**Exercise directions:** In the listing below, find the line with "Person in bear" and the line with "Pharmers Market April 21 Combo.png", then return them and every line between them exactly, minus the pictures.

+++ The data +++

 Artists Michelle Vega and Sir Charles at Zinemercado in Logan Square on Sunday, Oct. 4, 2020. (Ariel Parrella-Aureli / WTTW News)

+++
+++ The data +++

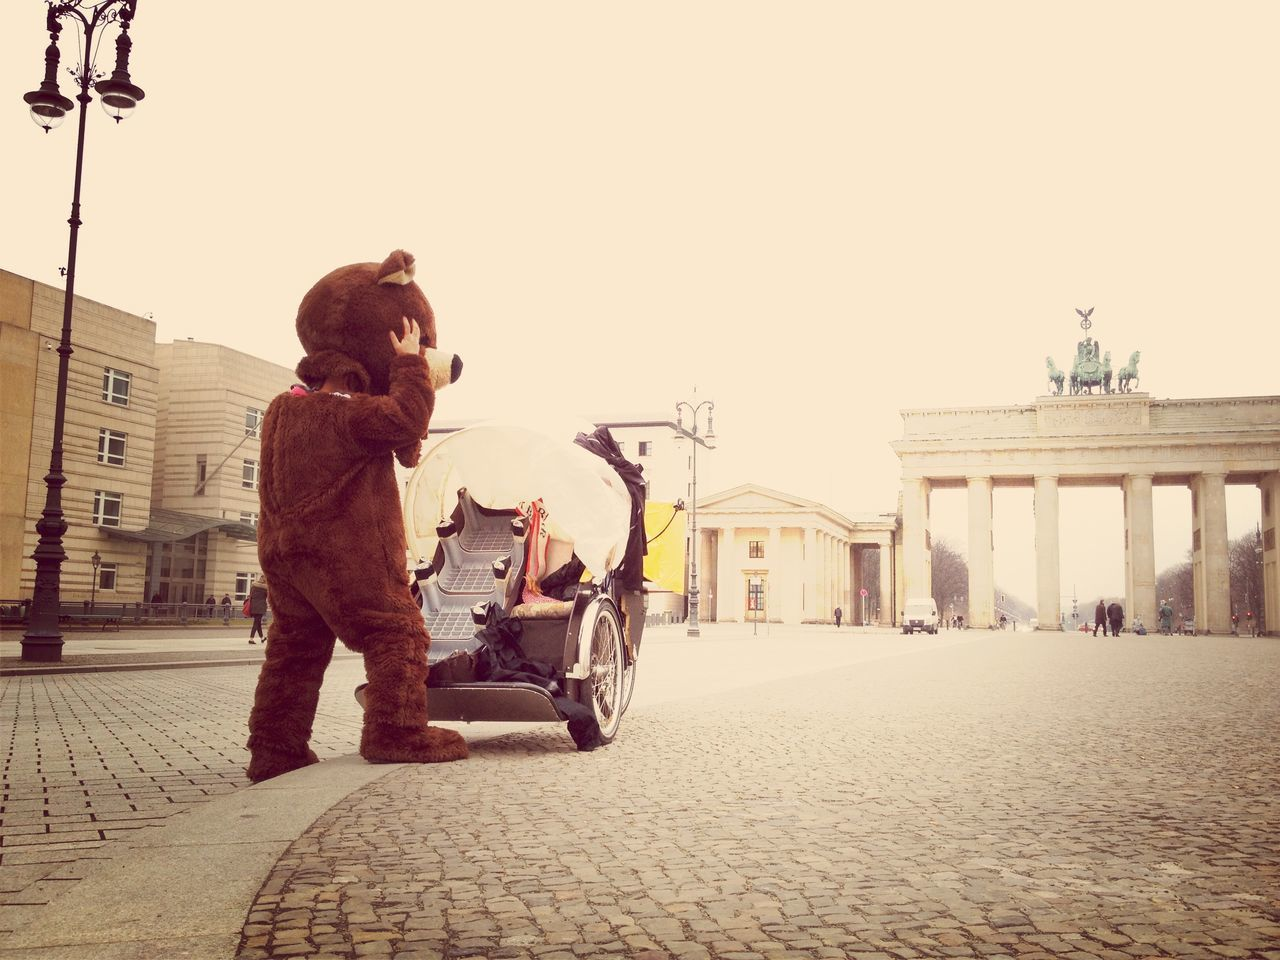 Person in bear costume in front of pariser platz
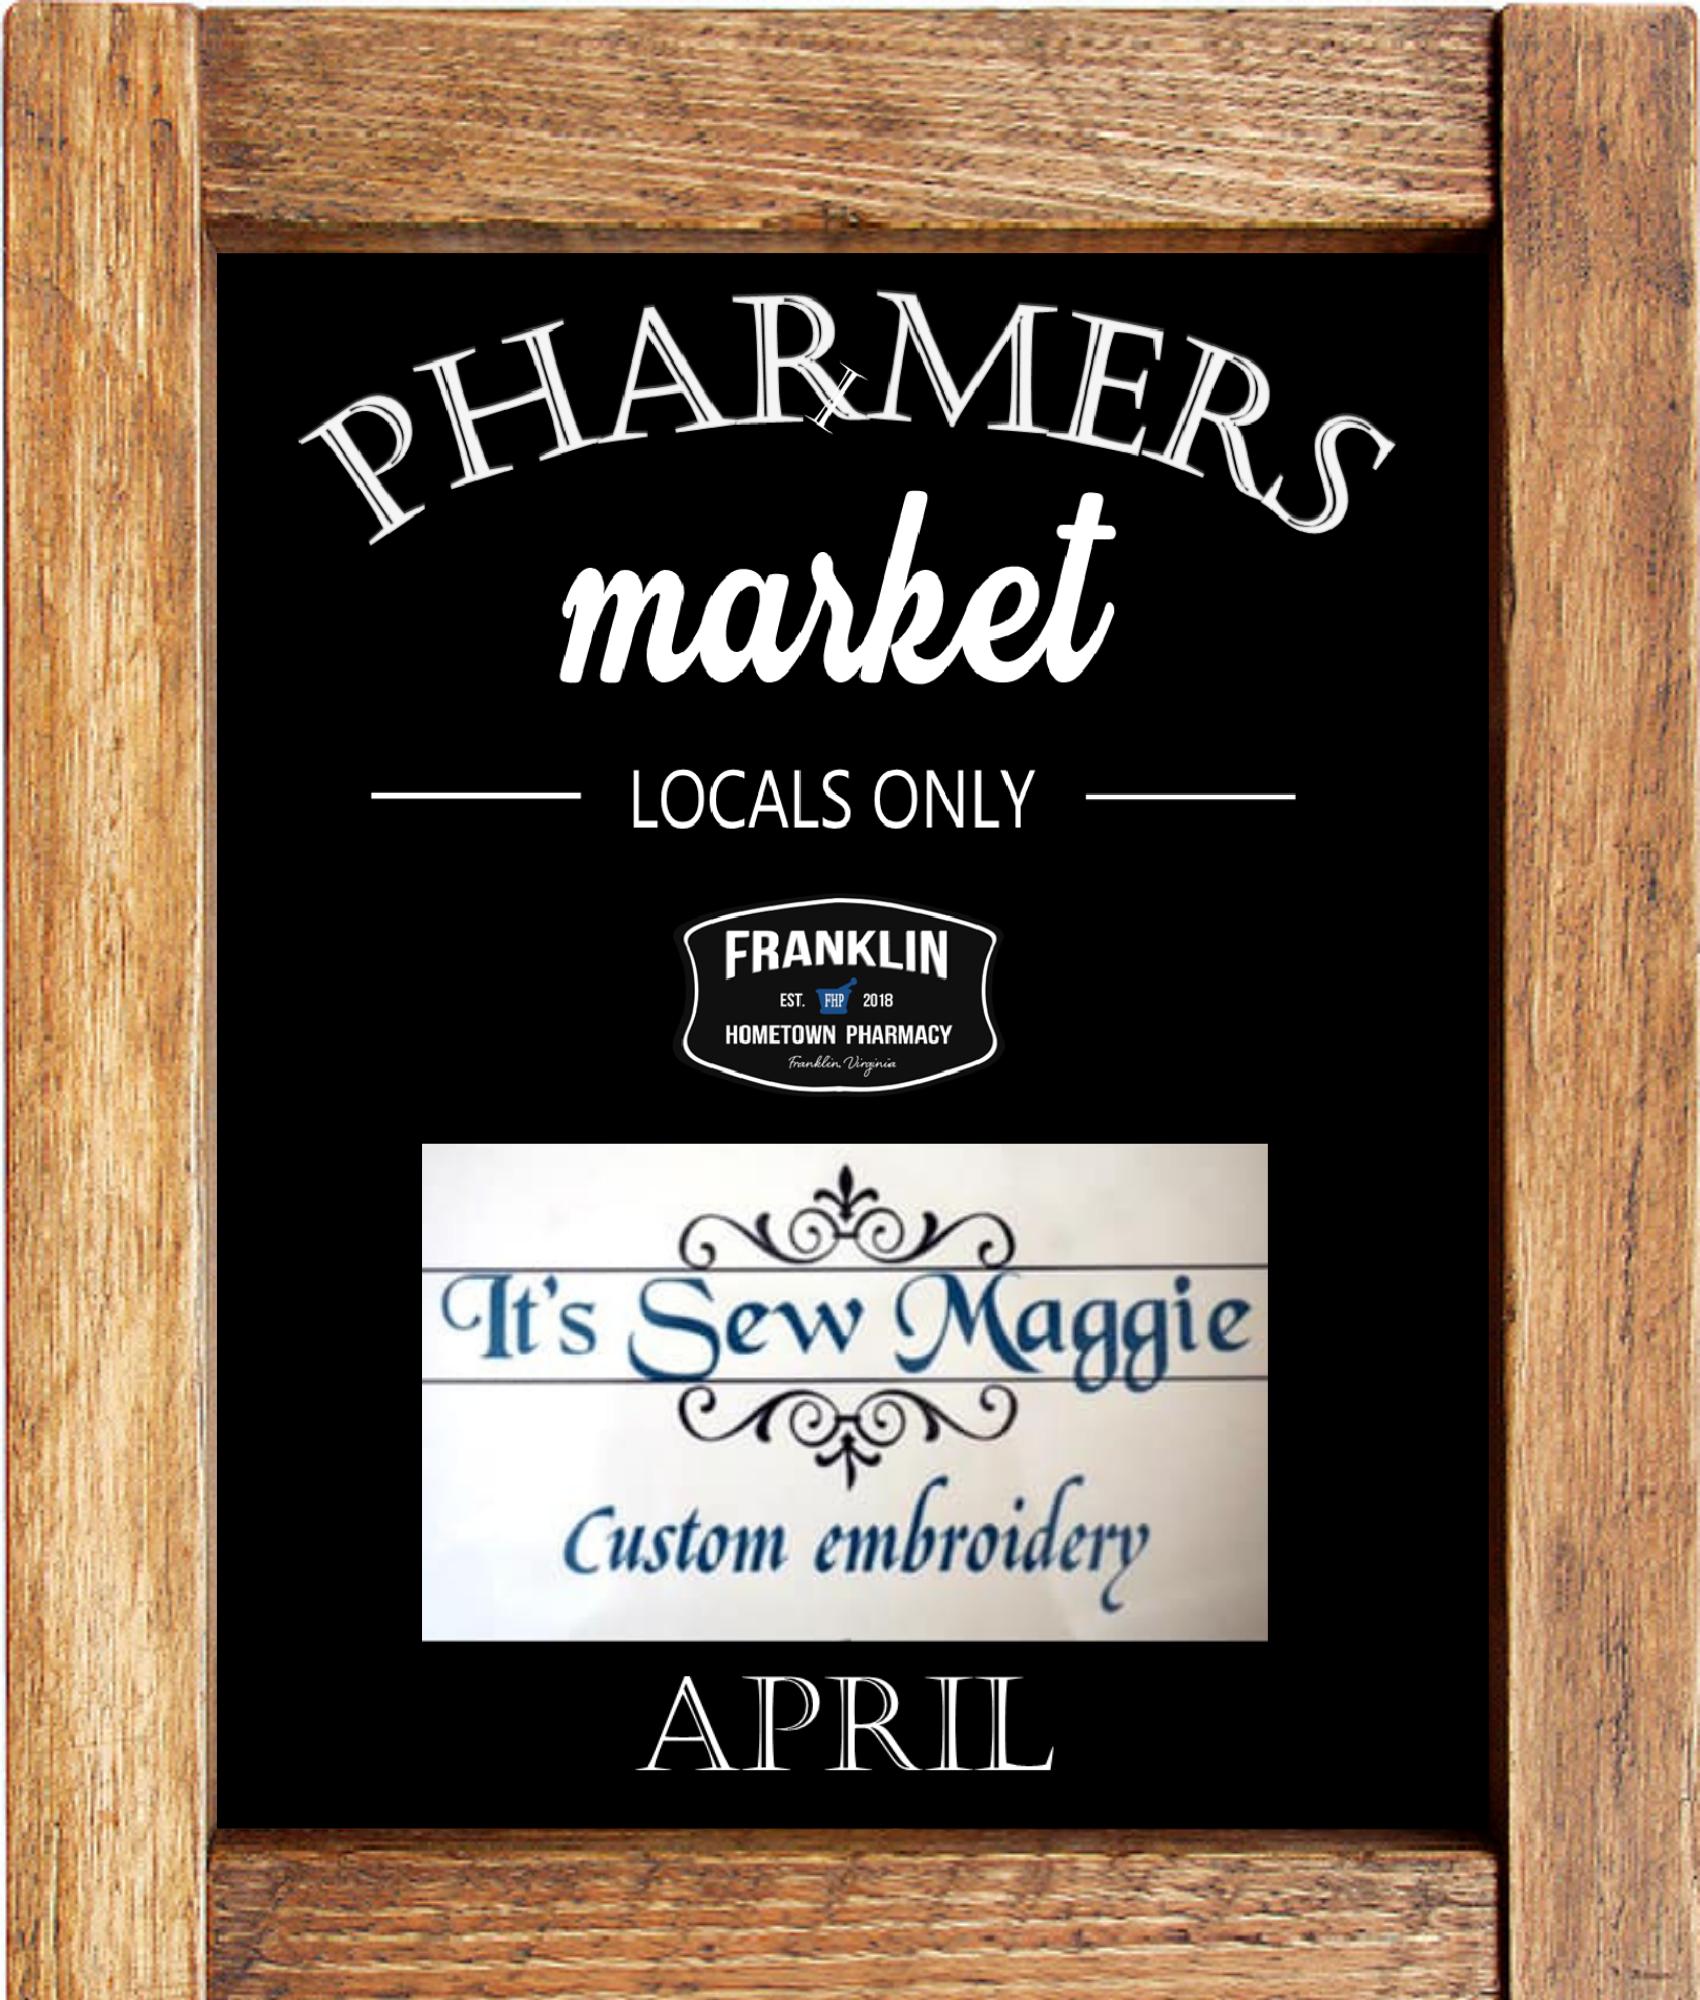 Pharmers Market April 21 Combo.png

+++

**Response to the task:**
 Person in bear costume in front of pariser platz
 Pharmers Market April 21 Combo.png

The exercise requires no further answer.